Считается, что гибридные режимы склонны скатываться либо к авторитаризму, либо к демократии, которые, в свою очередь, более устойчивы. В нашем случае есть основания считать, что уже произошла трансформация режима — он все более избавляется от примет гибридности, но приобретает черты персоналистского авторитарного режима с элементами военного.

Мы уже отмечали, что за несколько месяцев до минувшей президентской кампании один из главных центров силы в Беларуси — Администрацию президента — возглавил бывший заместитель председателя КГБ Игорь Сергеенко, а в разгар кампании главой правительства стал экс-руководитель Госкомвоенпрома Роман Головченко.

Как пишет Геддес, персоналистские режимы в среднем существуют 10-15 лет, а с элементами военного «могут рассчитывать на вечность» (более 30 лет). Основная угроза для такого режима — смерть его лидера, то есть естественный срок человеческой жизни. Но такие режимы распадаются и насильственным способом, правда, далеко не всегда в результате на смену автократии идет демократия.
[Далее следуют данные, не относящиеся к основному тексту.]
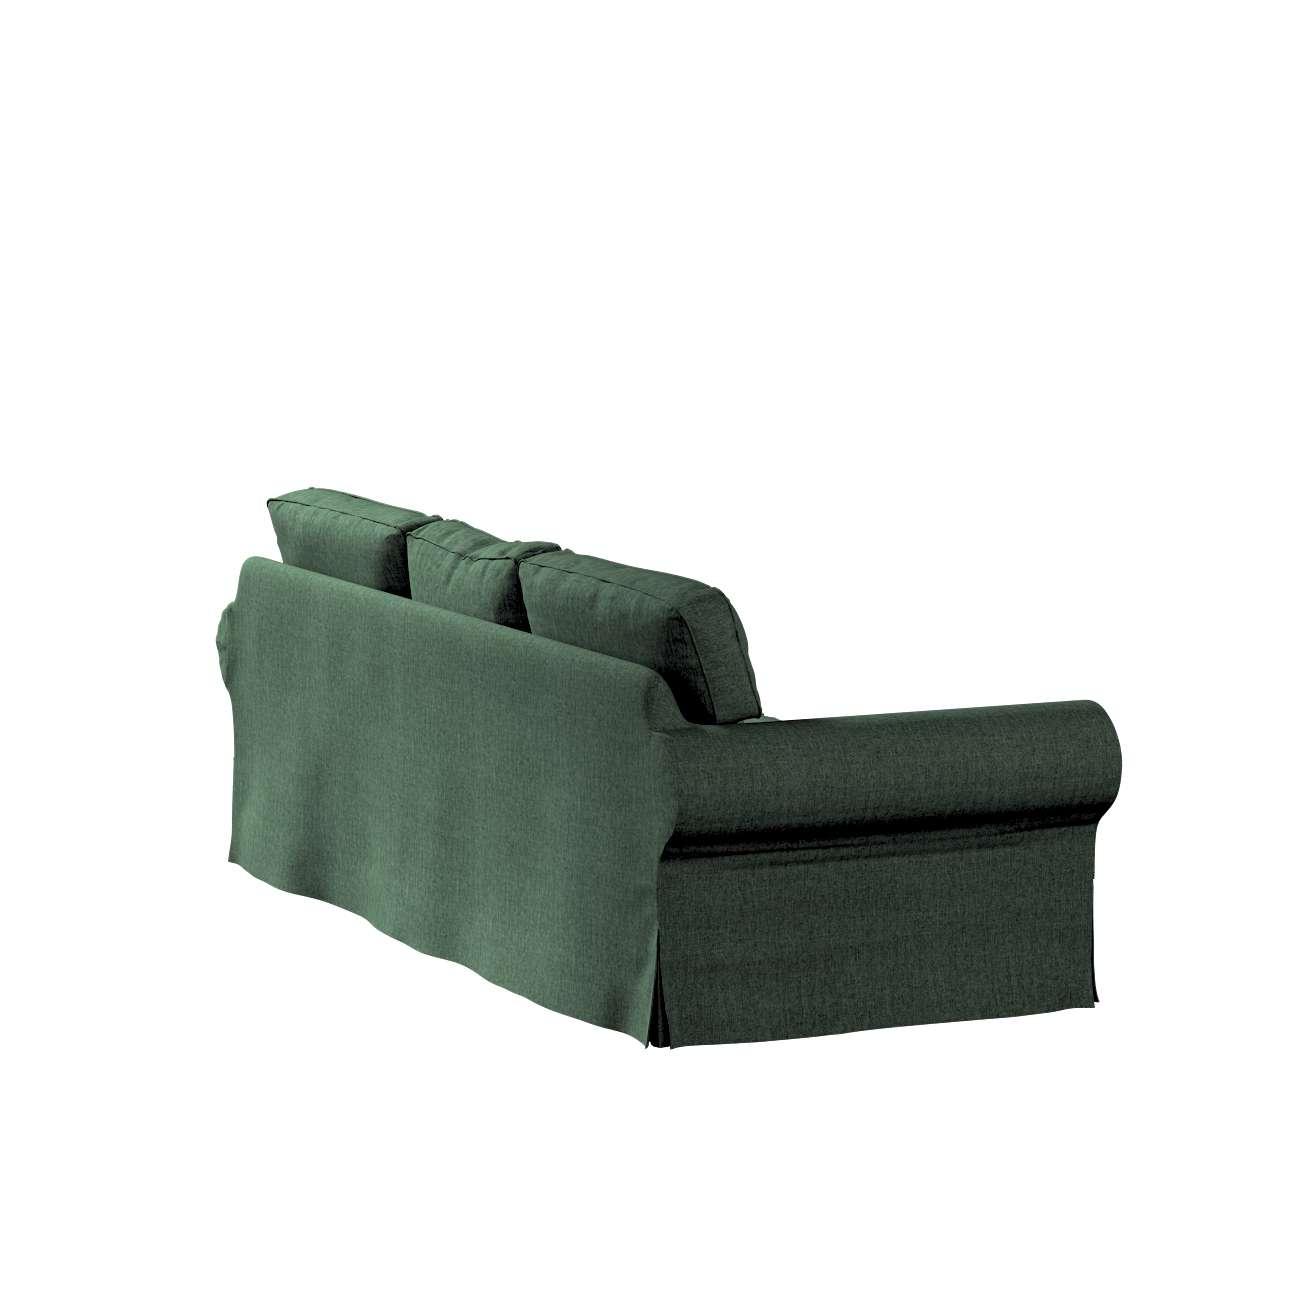 Pokrowiec na sofę Ektorp 3-osobową, rozkładaną, PIXBO w kolekcji City, tkanina: 704-81

В белорусских условиях армия как таковая не является политическим игроком, хотя министр обороны Виктор Хренин регулярно обносит колючей проволокой музей Великой Отечественной войны и комплекс стелы «Минск — город-герой».

Элементы военного режима в данном случае видятся в использовании репрессивного аппарата правоохранительных органов, в том, что в механизме принятия важных государственных решений сейчас значимую роль играют представители КГБ и МВД, а гражданские специалисты уходят на вторые роли.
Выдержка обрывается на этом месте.